There are not many theatre impresarios on either side of the Atlantic who constitute a recognisable brand name: the list could be said to begin and end with Florenz Ziegfeld, David Merrick and Cameron Mackintosh. To that line-up, however, one is tempted to add Thomas Schumacher, the boyish 47-year-old Californian, who might be better known if he didn't come allied to the corporate behemoth that is Disney.

For the first time, Schumacher's Disney Theatrical Productions is teaming up with Mackintosh - on Mary Poppins. Will audiences care whose money financed the show, provided that the staging, by the director Richard Eyre, soars? Perhaps not. But you can be sure people will be watching to see whether this maiden collaboration between two production mavericks turns out to be a meeting of minds - in which case, their combined muscle is going to be harder than ever to match.

When the stage-musical version of Mary Poppins was announced, the forgivably crude early response was to imagine the self-made British mogul, Mackintosh, entering into an aesthetic marriage of convenience with the men in suits at Disney. Each, after all, needed the other: Mackintosh had the rights to the books (and the blessing) of Poppins's author, P L Travers, who has since died, while Disney clearly controlled anything to do with transposing the beloved 1964 movie to the stage. In fact, the ostensibly anonymous Disney brigade turns out to be one man, Schumacher, who doesn't seem any more corporate than Mackintosh; he certainly isn't wearing a suit in conversation at his Soho eyrie.

On the evening we meet, Poppins is undergoing what's known as a "dry tech" at the Prince Edward Theatre; previews are to begin a week later. And with the show's eight-week try-out in Bristol now finished, Schumacher can focus on what it was that brought him together with Mackintosh: the desire to find a new global theatrical franchise to keep Disney shareholders happy while perhaps, if we're lucky, advancing the musical art.

"We have to give audiences a show that delivers what you hope will happen when you come to see Mary Poppins and not just ride on the title," says Schumacher.

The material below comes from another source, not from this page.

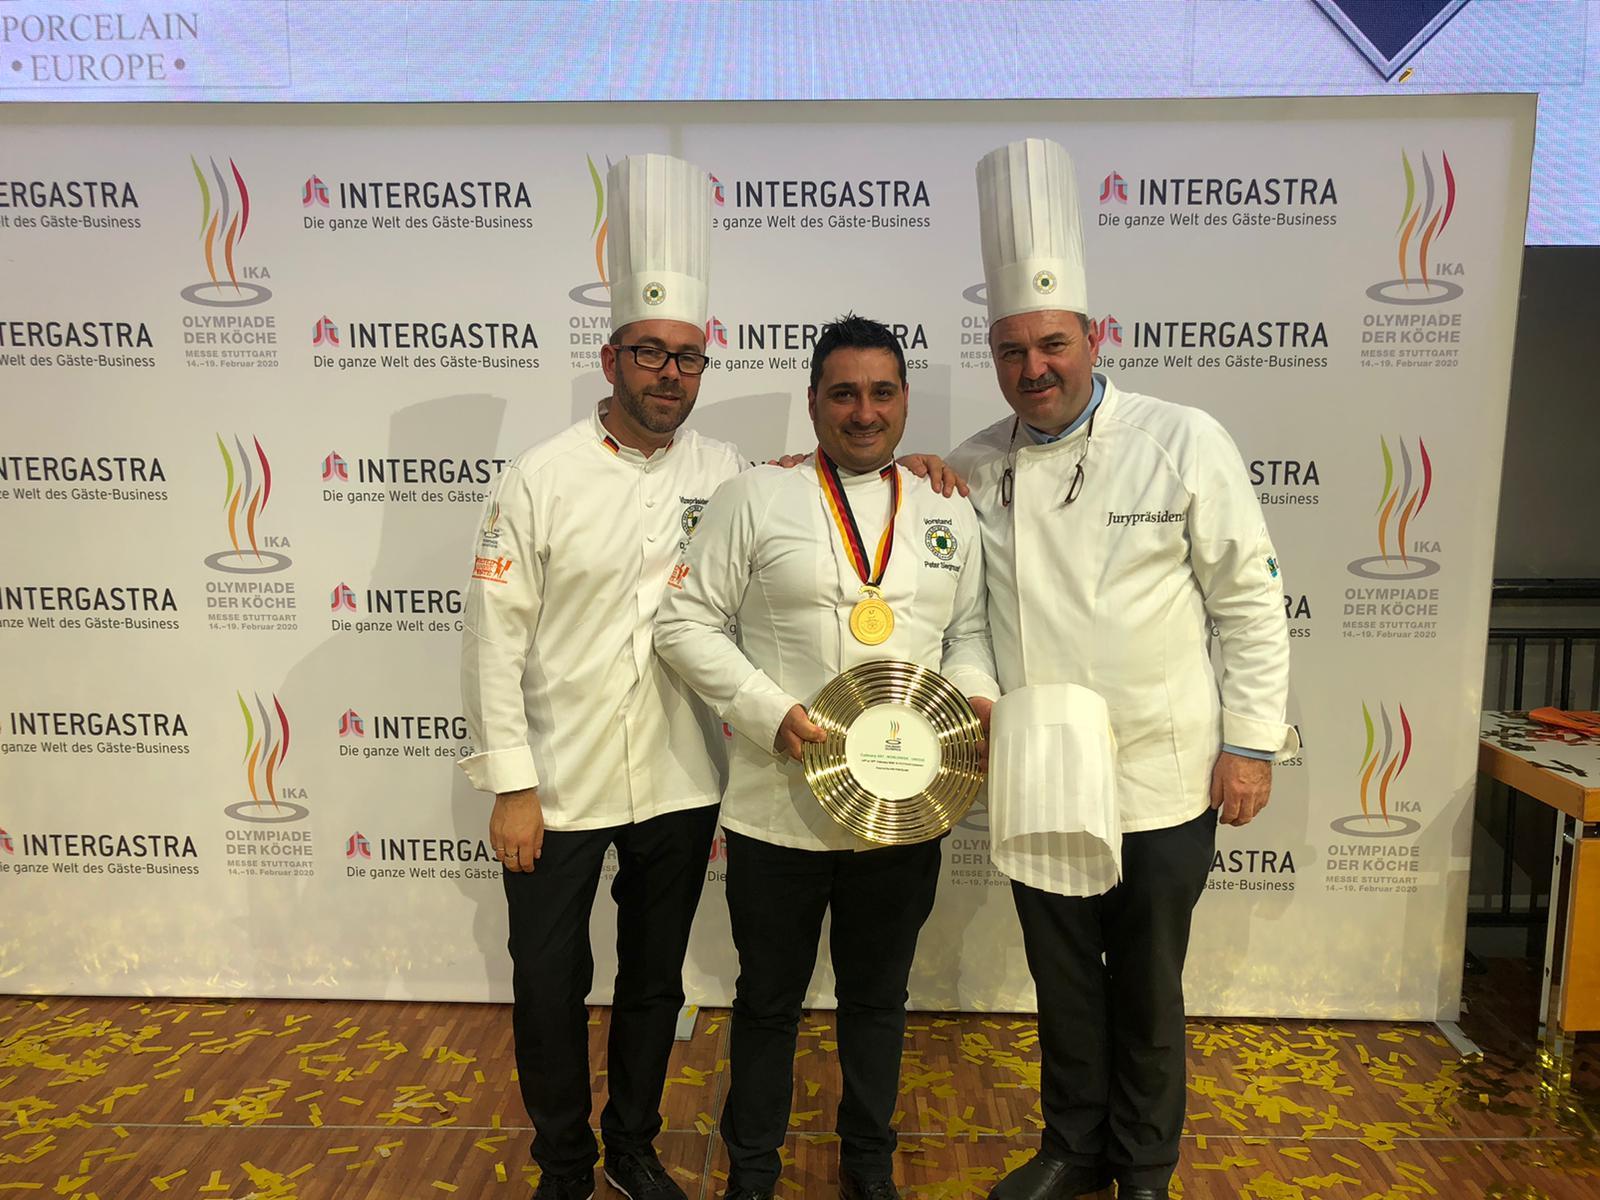 Luigi Nastro conquista l'oro alle olimpiadi culinarie a Stoccarda
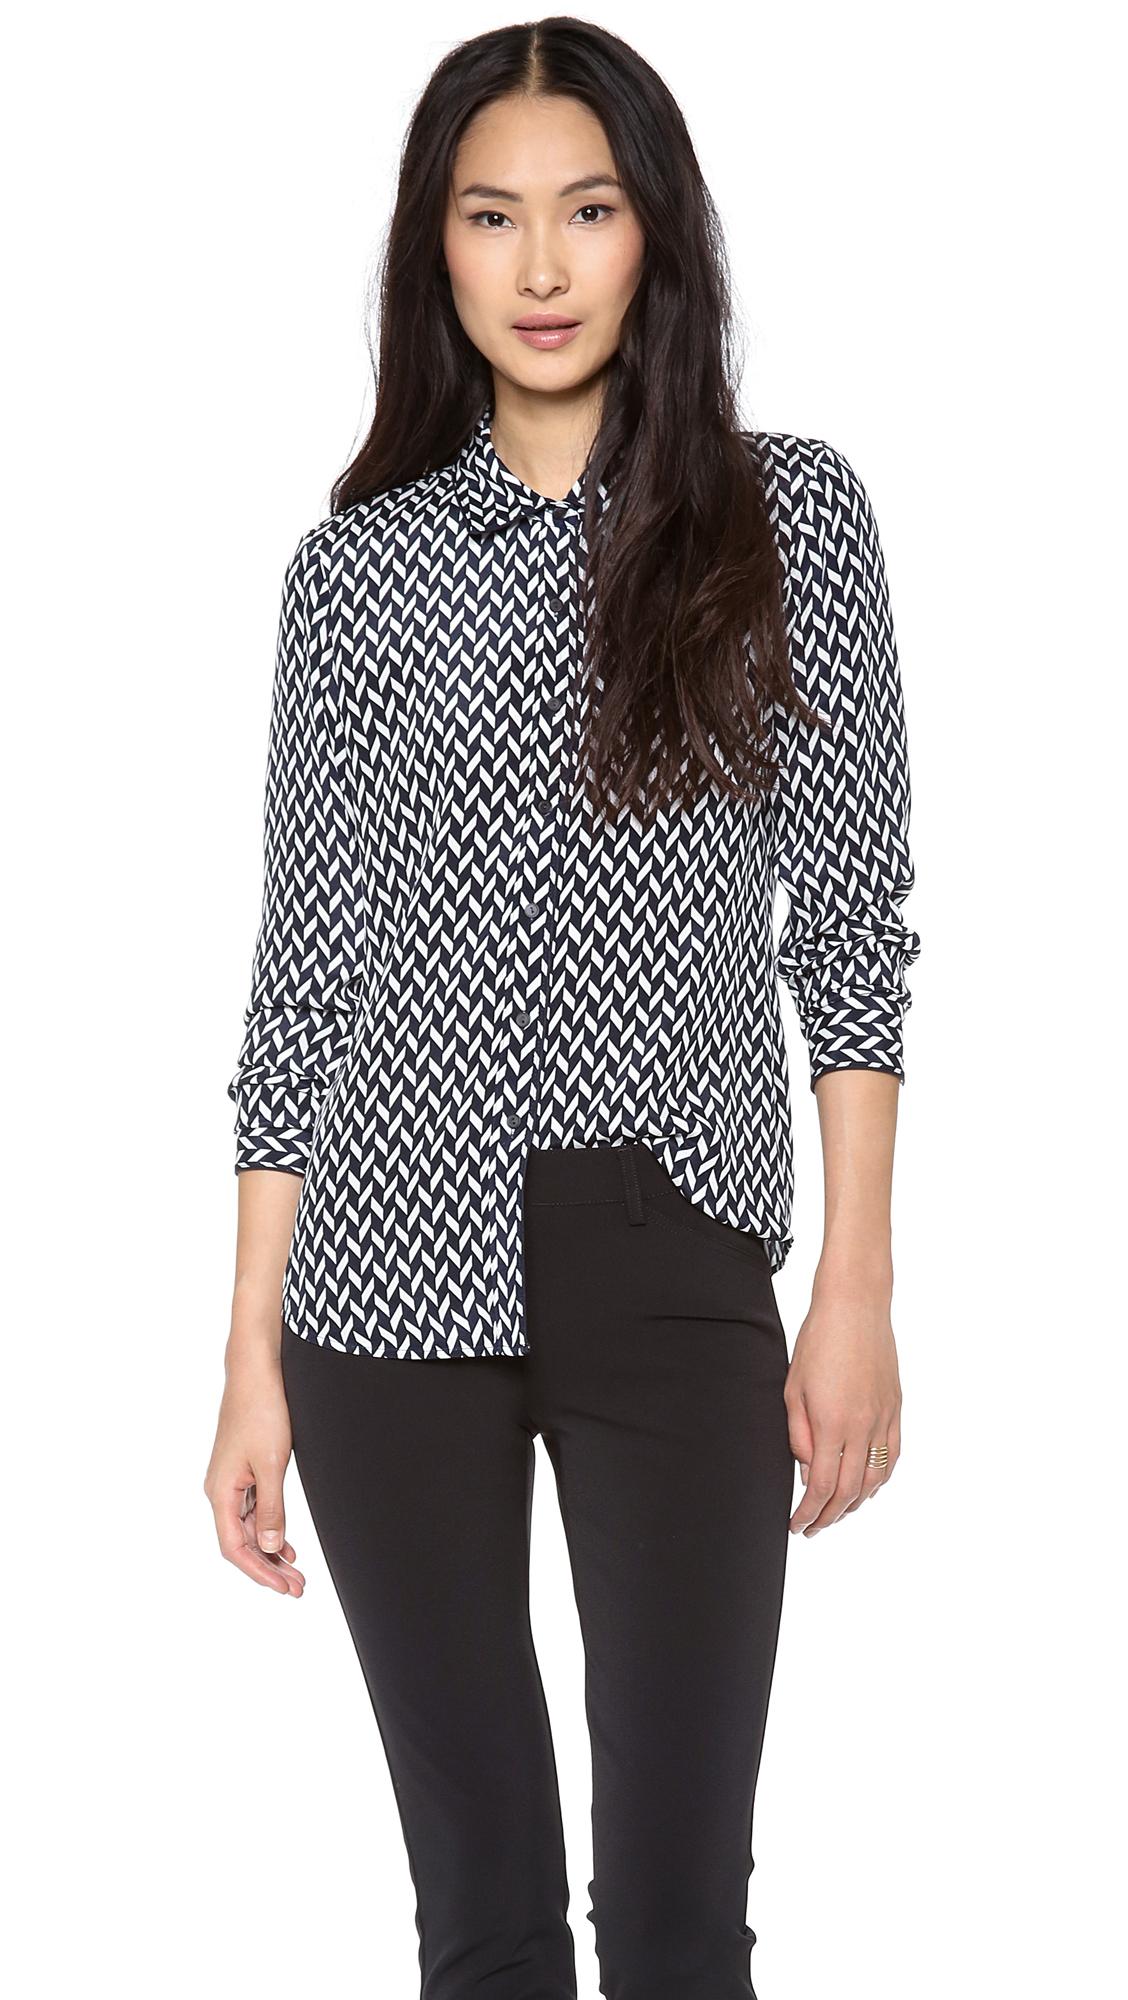 Simple Chevron Blouse Target - Womenu0026#39;S Lace Blouses

But how can the last in a busy autumn sequence of big London musicals - The Woman in White, The Producers and now this - be anything other than a blockbuster? "It's impossible to predict how Poppins will go," Schumacher says, clearly not wanting to tempt fate. "These things end up sort of having their own life-force: would you have predicted The Phantom of the Opera to do what it did [gross more than $1bn worldwide] or Beauty and the Beast [ditto]? You really can't."

Besides, says Schumacher, refusing to be drawn on the specifics of a hefty advance sale (£12m and climbing), whose figures Mackintosh has been quick to quash, "Look at shows that have had gigantic advances, some of which just don't stay the course. The most interesting thing is not what you have before you open, it's what you sell after you open. The Lion King's London advance grew substantially after we opened, and it was very healthy before."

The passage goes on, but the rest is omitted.